Here's a big, industrial-sized deal to start your week. Industrial distribution firm QXO, Inc. (QXO) announced Sunday it will acquire TopBuild Corp. (BLD) for a cool $17 billion. That's not a typo. It's a cash-and-stock transaction that values TopBuild at $505 per share, and the companies are aiming to wrap it up in the third quarter of this year, assuming shareholders give it the thumbs up.
The market's initial reaction? A classic case of "buy the target, sell the acquirer." TopBuild shares were up sharply in Monday's premarket, while QXO shares took a dip.
Building a Behemoth
So, what exactly is QXO getting for its $17 billion? Scale, and lots of it. QXO says this deal will catapult it to become the second-largest publicly traded building products distributor on the continent. Put the two companies together, and you're looking at roughly $18 billion in revenue, over $2 billion in adjusted EBITDA, and an enterprise value pushing $50 billion.
More importantly, it creates a leader across several key product categories. The combined entity will be number one in insulation and waterproofing, and number two in roofing. It also expands QXO's total addressable market to more than $300 billion. That's a lot of shingles and sealant.
The Financial Blueprint
TopBuild is no slouch on its own. In 2025, it generated about $6.2 billion in revenue and $1.14 billion in adjusted EBITDA, boasting impressive margins near 18%. QXO says buying this profitable business will be immediately and meaningfully good for its own earnings.
The new company will have a nicely diversified portfolio, split about 50/50 between the repair-and-remodel market and new construction, and touching residential, commercial, and industrial projects. But the real prize might be in the synergies. QXO is eyeing about $300 million in cost savings and efficiencies by 2030, coming from better procurement, logistics, pricing, and tech. When you factor those expected savings in, the deal values TopBuild at 11.8 times its 2025 adjusted EBITDA. Without them, it's 14.9 times.
Why Buy a Building Products Company? Ask the CEO.
For QXO CEO Brad Jacobs, this isn't just another acquisition—it's the company's biggest one yet. He framed the move as a strategic play to lock down leadership in insulation and, interestingly, to get a bigger piece of the action in building data centers.

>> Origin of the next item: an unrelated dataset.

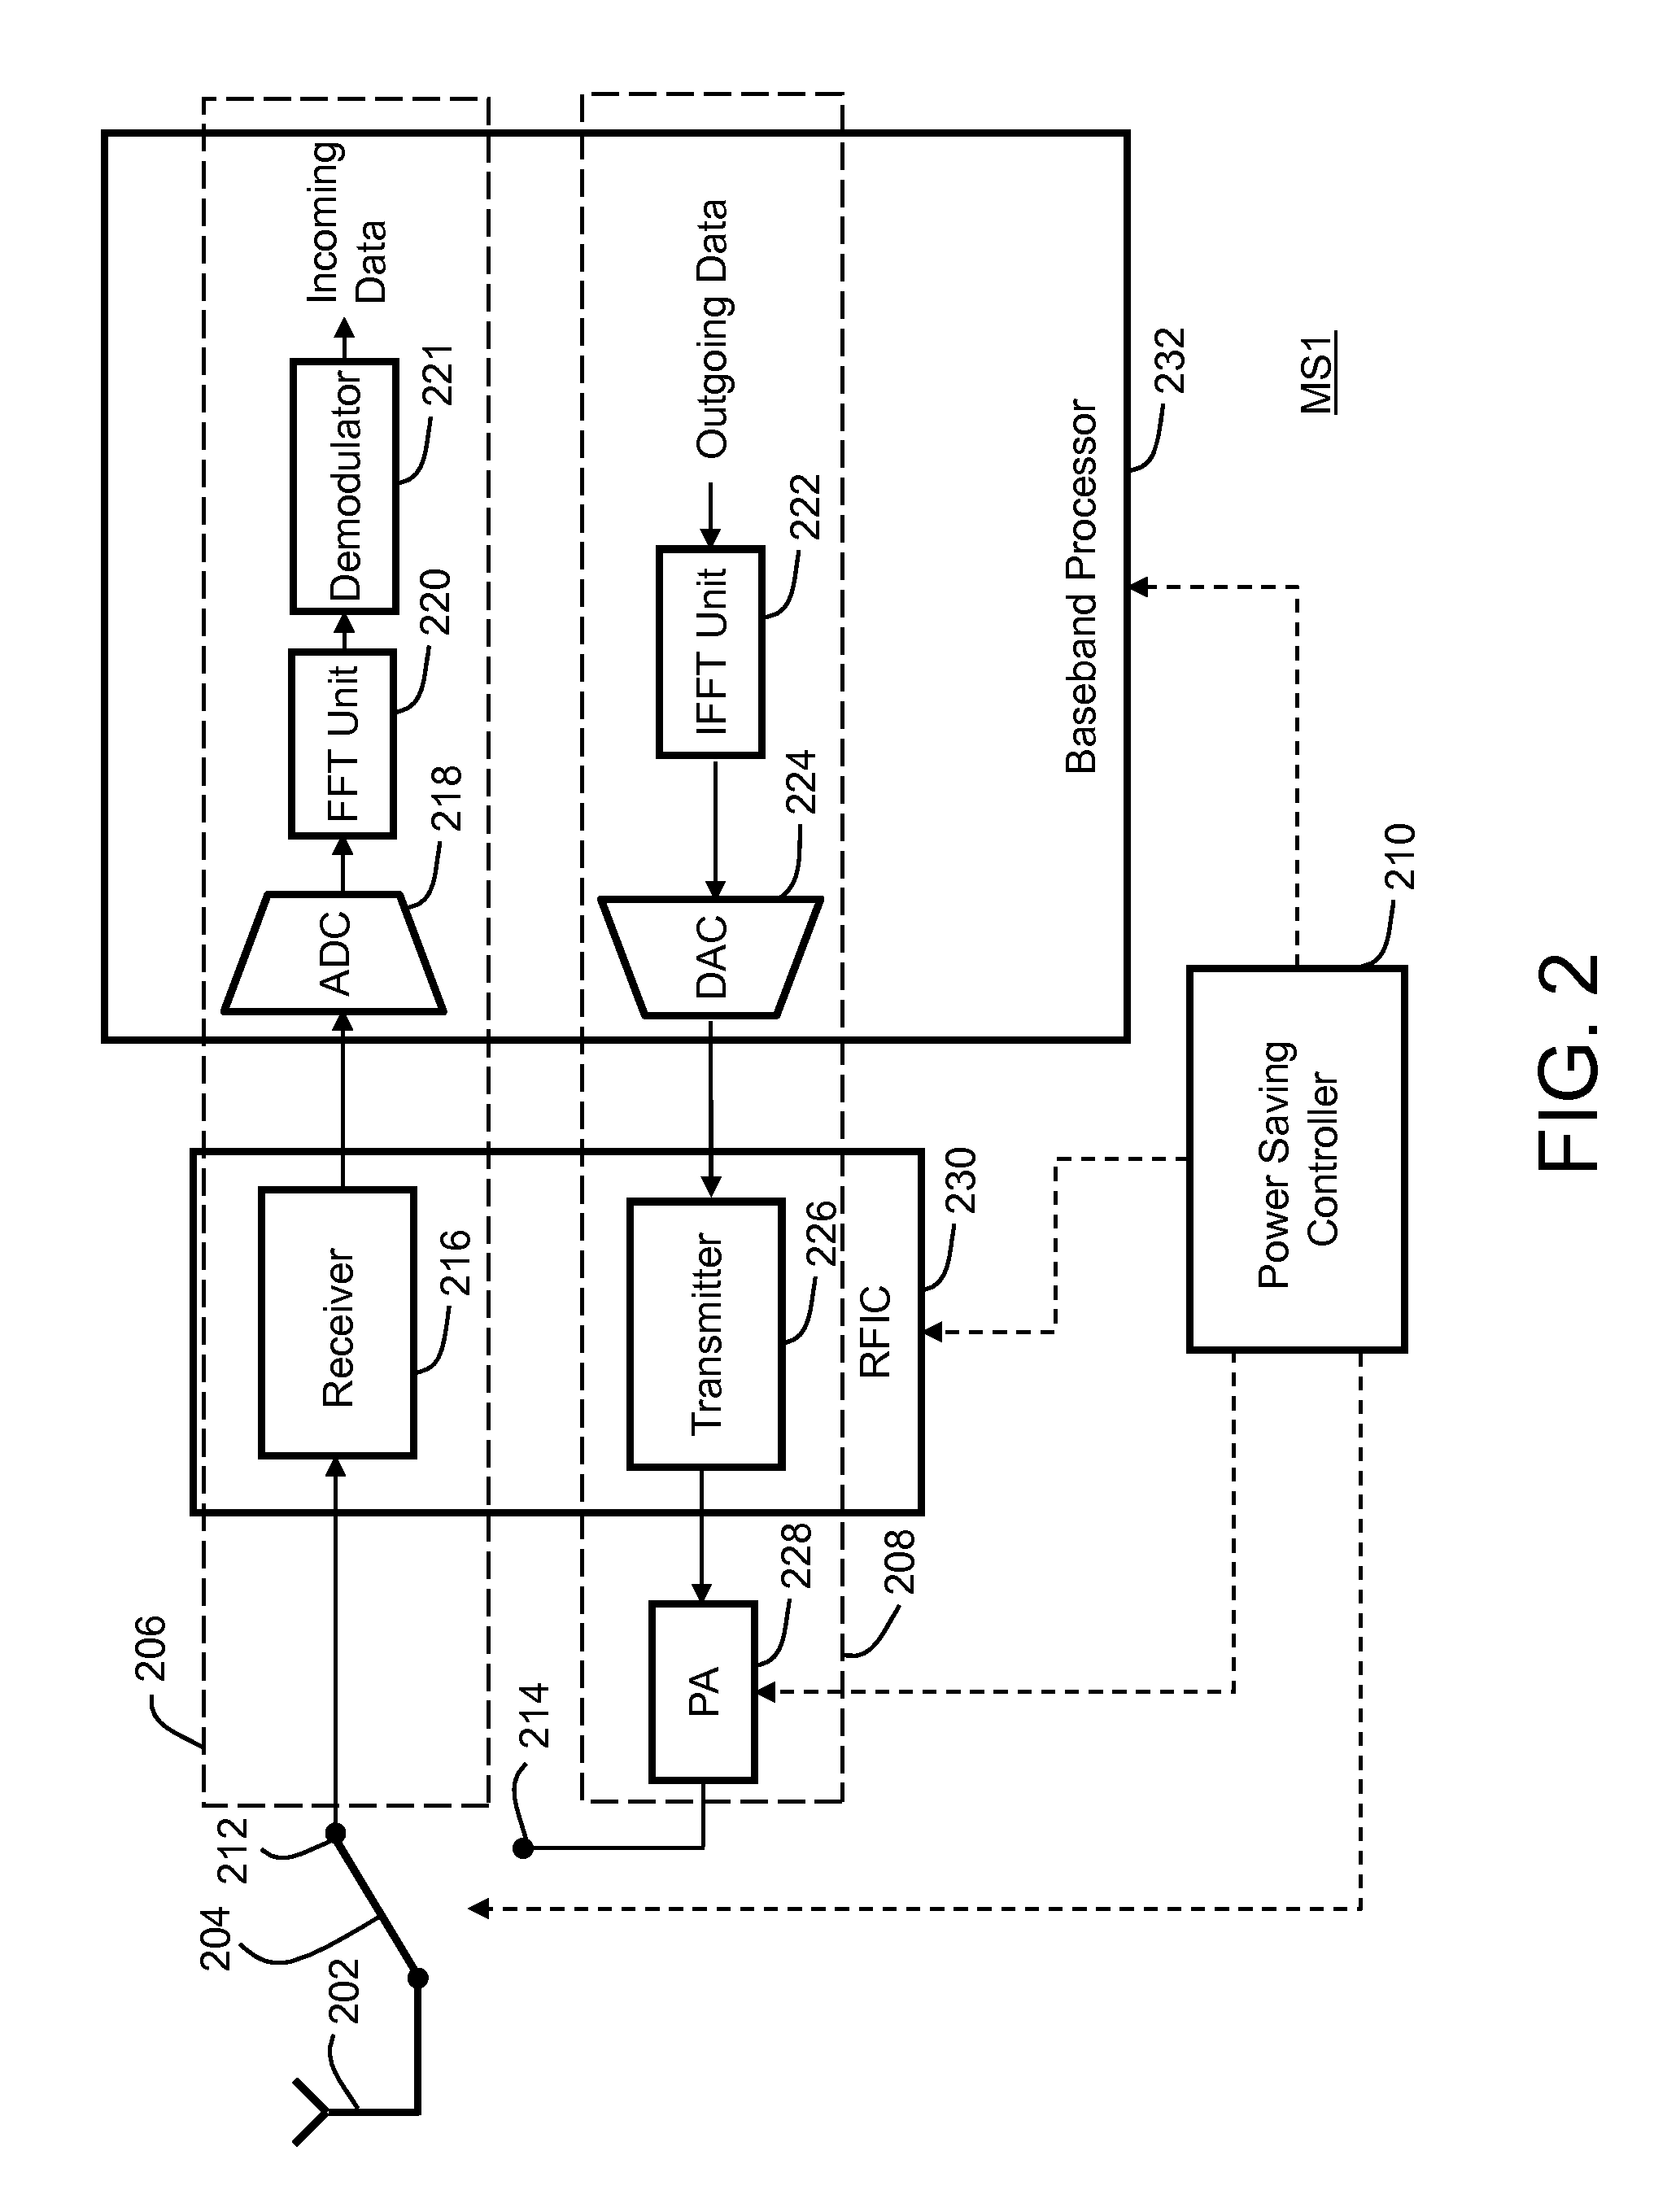 Method for reducing power consumption in a multi-user digital communication system and mobile station employing the method

He pointed to some powerful, long-term trends fueling demand: a chronic undersupply of housing, the nation's aging infrastructure, and stricter energy-efficiency requirements. "The TopBuild transaction will also give us critical mass in the insulation sector and expand our exposure to large, complex projects like data centers, where scale matters," Jacobs said. "TopBuild has a deep bench of best-in-class operators, reflected in its industry-leading adjusted EBITDA margin of approximately 18%."
The Combined Operation
Once the deal is done, the new giant will operate about 1,150 locations with a workforce of roughly 28,000 people. TopBuild is expected to benefit from better service, opportunities to sell QXO's products, and general operational efficiencies.
Looking ahead, the company has set some ambitious long-term targets: aiming for $9 billion to $10 billion in revenue and $1.7 billion to $2 billion in adjusted EBITDA by 2030. To help pay for this ambitious expansion, QXO had a war chest of $2.365 billion in cash and equivalents at the end of 2025.
As of Monday's premarket session, the numbers told the story: BLD shares were trading 17.63% higher at $482.66, while QXO was down 4.44% at $23.89.